Clay Shirky’s latest newsletter) on networks, economics and culture discusses the semantic web. In a nutshell, he’s not very impressed. The starting point for this argument is that syllogisms don’t model the real world well, an example:

The creator of shirky.com) lives in Brooklyn. People who live in Brooklyn speak with a Brooklyn accent.

Well in this case clearly they don’t, the second assertation is clearly false, it’s obvious that not everybody who lives in Brooklyn calls birds boids, so that absolute assertaion does not hold.

The example later on using Nike and the first amendment of the US constitution has more merit, in this case the fact asserted (the first amendment covers the rights of US citizens) is a subset of the actual applicability rather than a superset as in the Brooklyn case. I think that this is still a surmountable problem, but it may require a more complex representation of ‘facts’ than initially considered. I think that maybe the way forward if not, as Clay suggests (if only to point out it’s impracticality), to attach context to each assertation and then cross check against this.

A better approach surely would be to attach an accuracy value to each statement, then the syllogisms could have attached accuracy values also. For example, the following pseudo code:

1
2
3
LET clay lives in Brooklyn ACCURACY 1.0
LET people who live in brooklyn say boids ACCURACY 0.7
DEDUCE clay says boids ACCURACY 0.7

With the final 0.7 being the product of the two ‘fact’ accuracies. Now this is just something that I’ve come up with on the spur of the moment, not a result of research so I don’t know how generally useful this would be, but in tools designed for human use it should be possible to tolerate a level of inaccuracy, so long as it is marked as such.

Reading further, the examples about merging databases I can agree with the fact that it’s way more complicated that just simply mapping field names! When it comes to meta data, this is probably best if it can be extracted from the data itself automatically, of course this would reduce the amount of available data, but maybe we could tag any manually added meta data with a date and allow it’s accuracy to deteriorate as time goes by (or as the tagged data is revised), and you could always tweak your reasoner to reduce the accuracy of human added data anyway.

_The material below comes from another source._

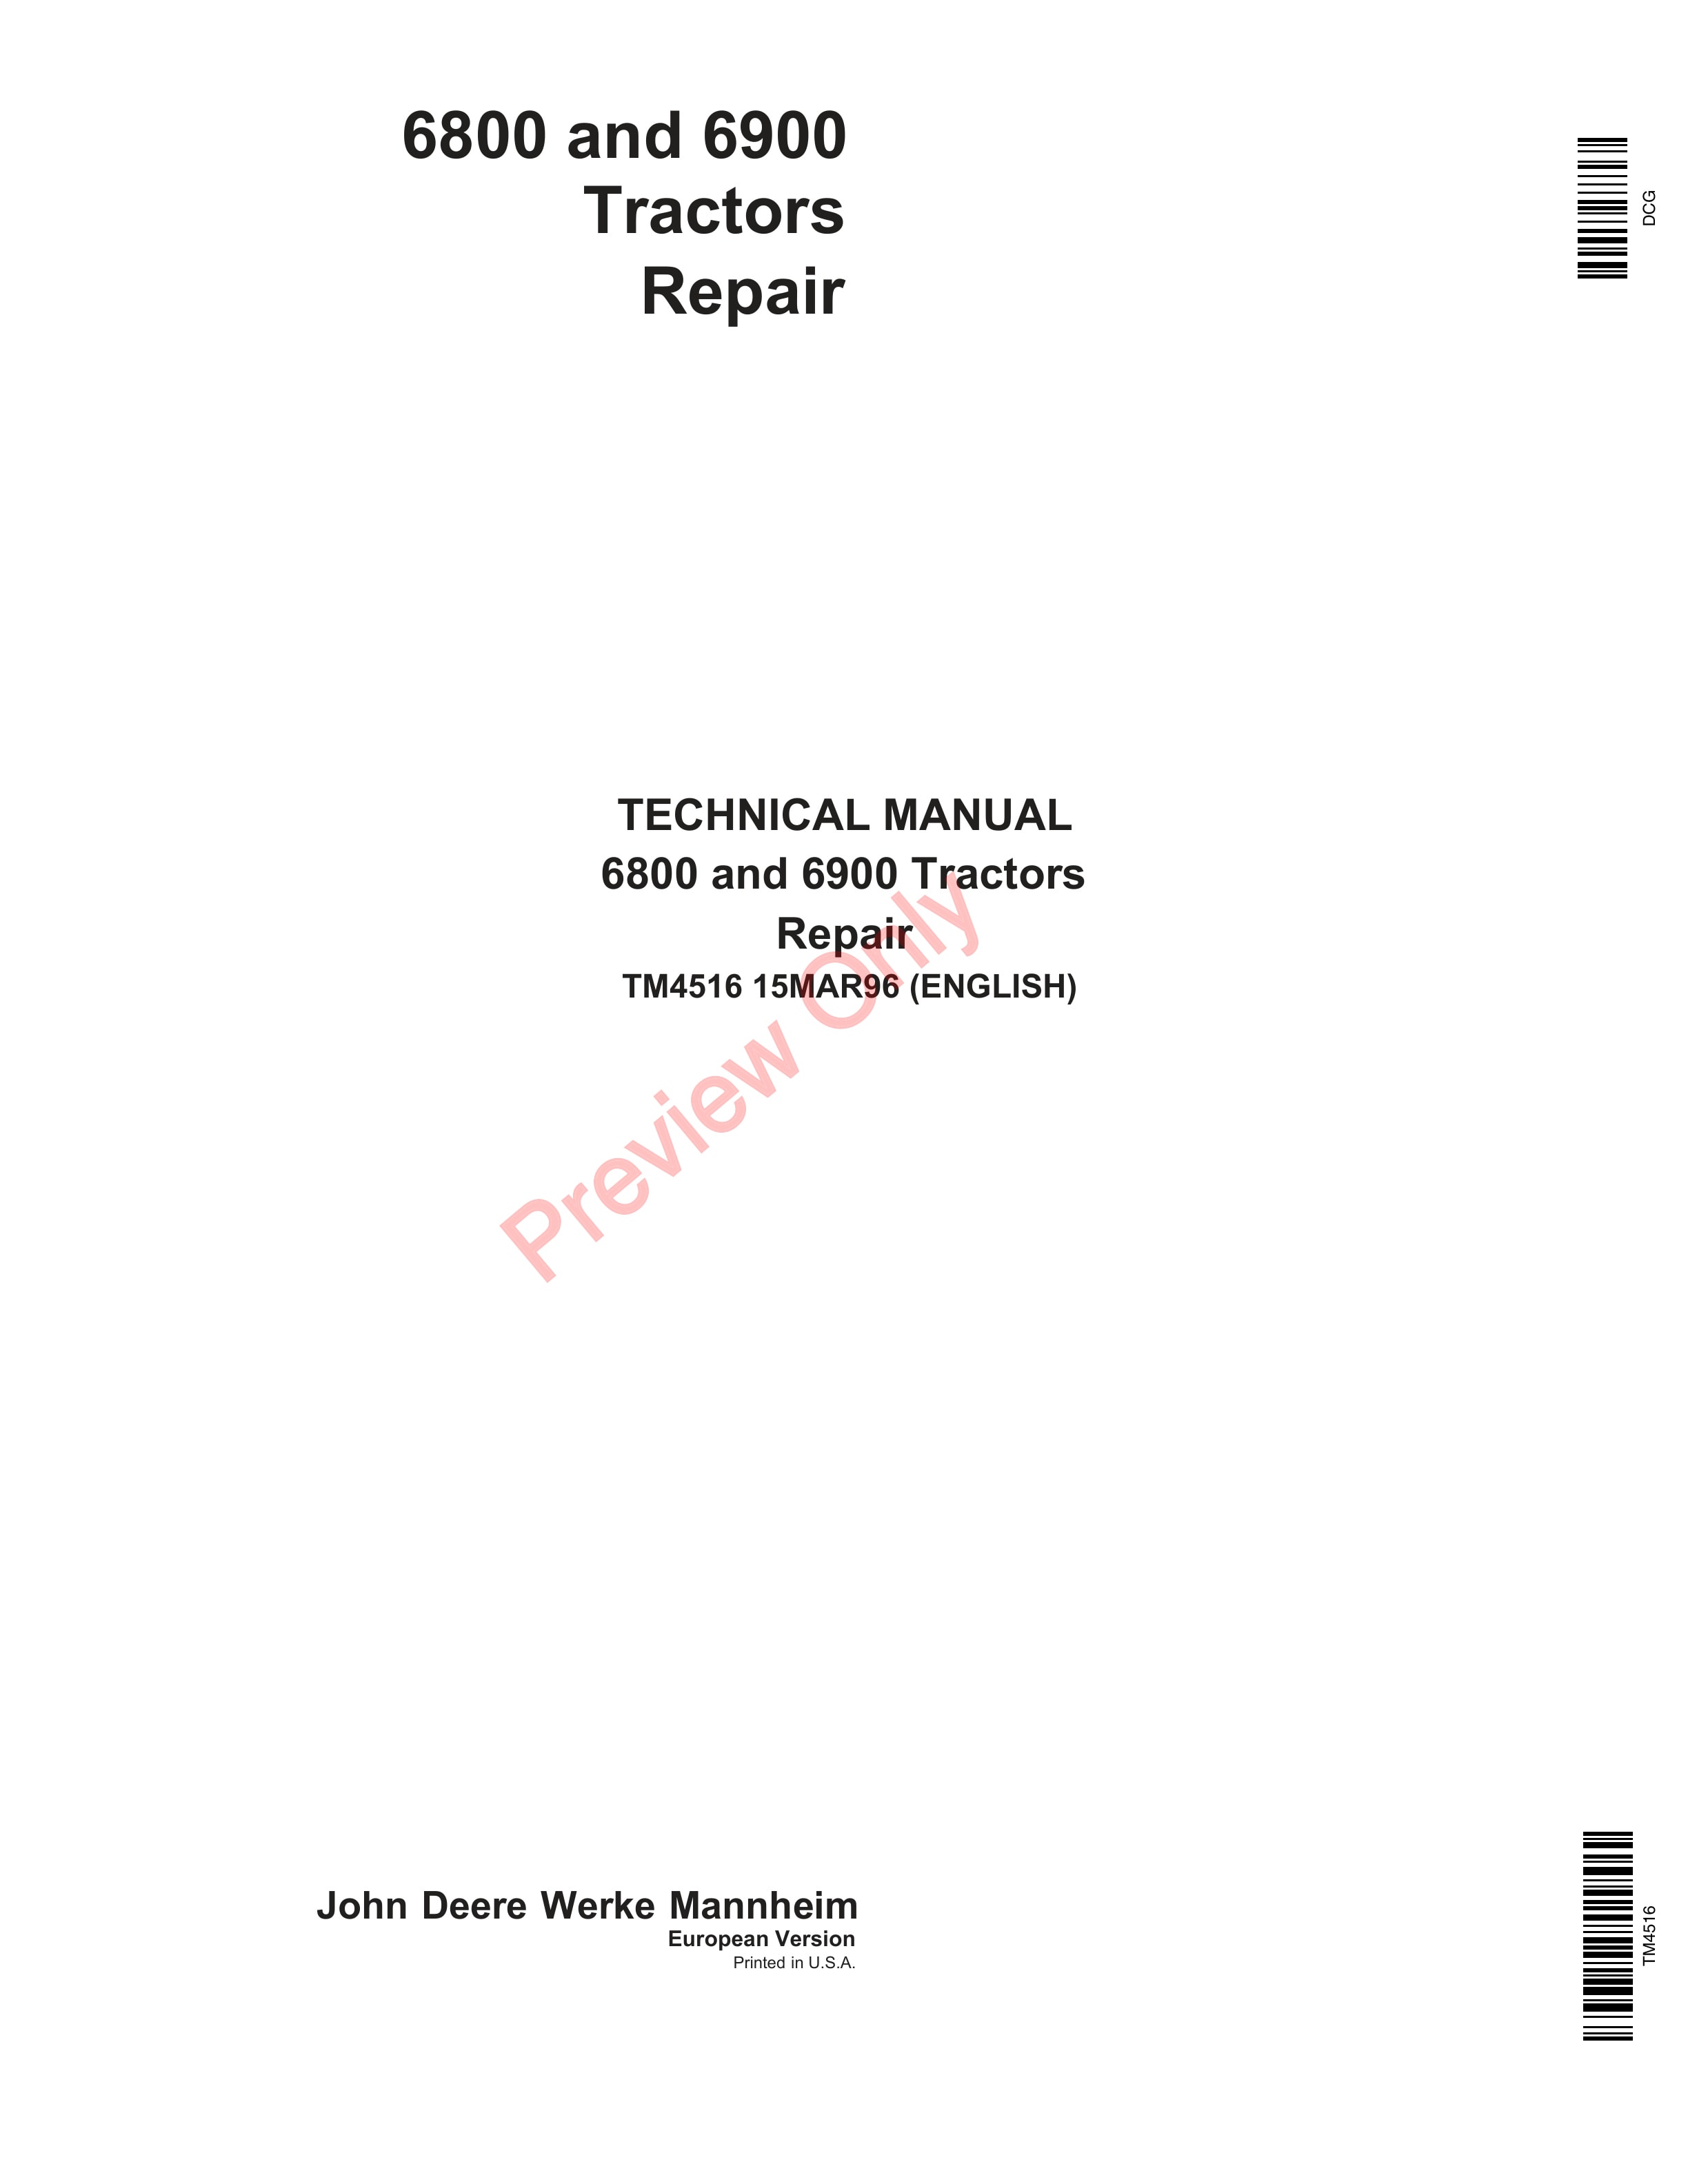 John Deere 6800 and 6900 Tractors Repair Technical Manual TM4516 15MAR96 PDF

Hmmm, but this goes against what the semantic web is supposed to be for to a large extent. Machines need to be able to rely on absolute (i.e. ACCURACY 1.0) facts to be able to use them a lot of the time. I think the conclusion that I’m coming to is that there is a benefit to be gained from the semantic web and it’s related technologies and ideas, but probably not as great as it’s champions make out.

So it’s another web related technology with potential that has been overmarketed. Nothing new there then.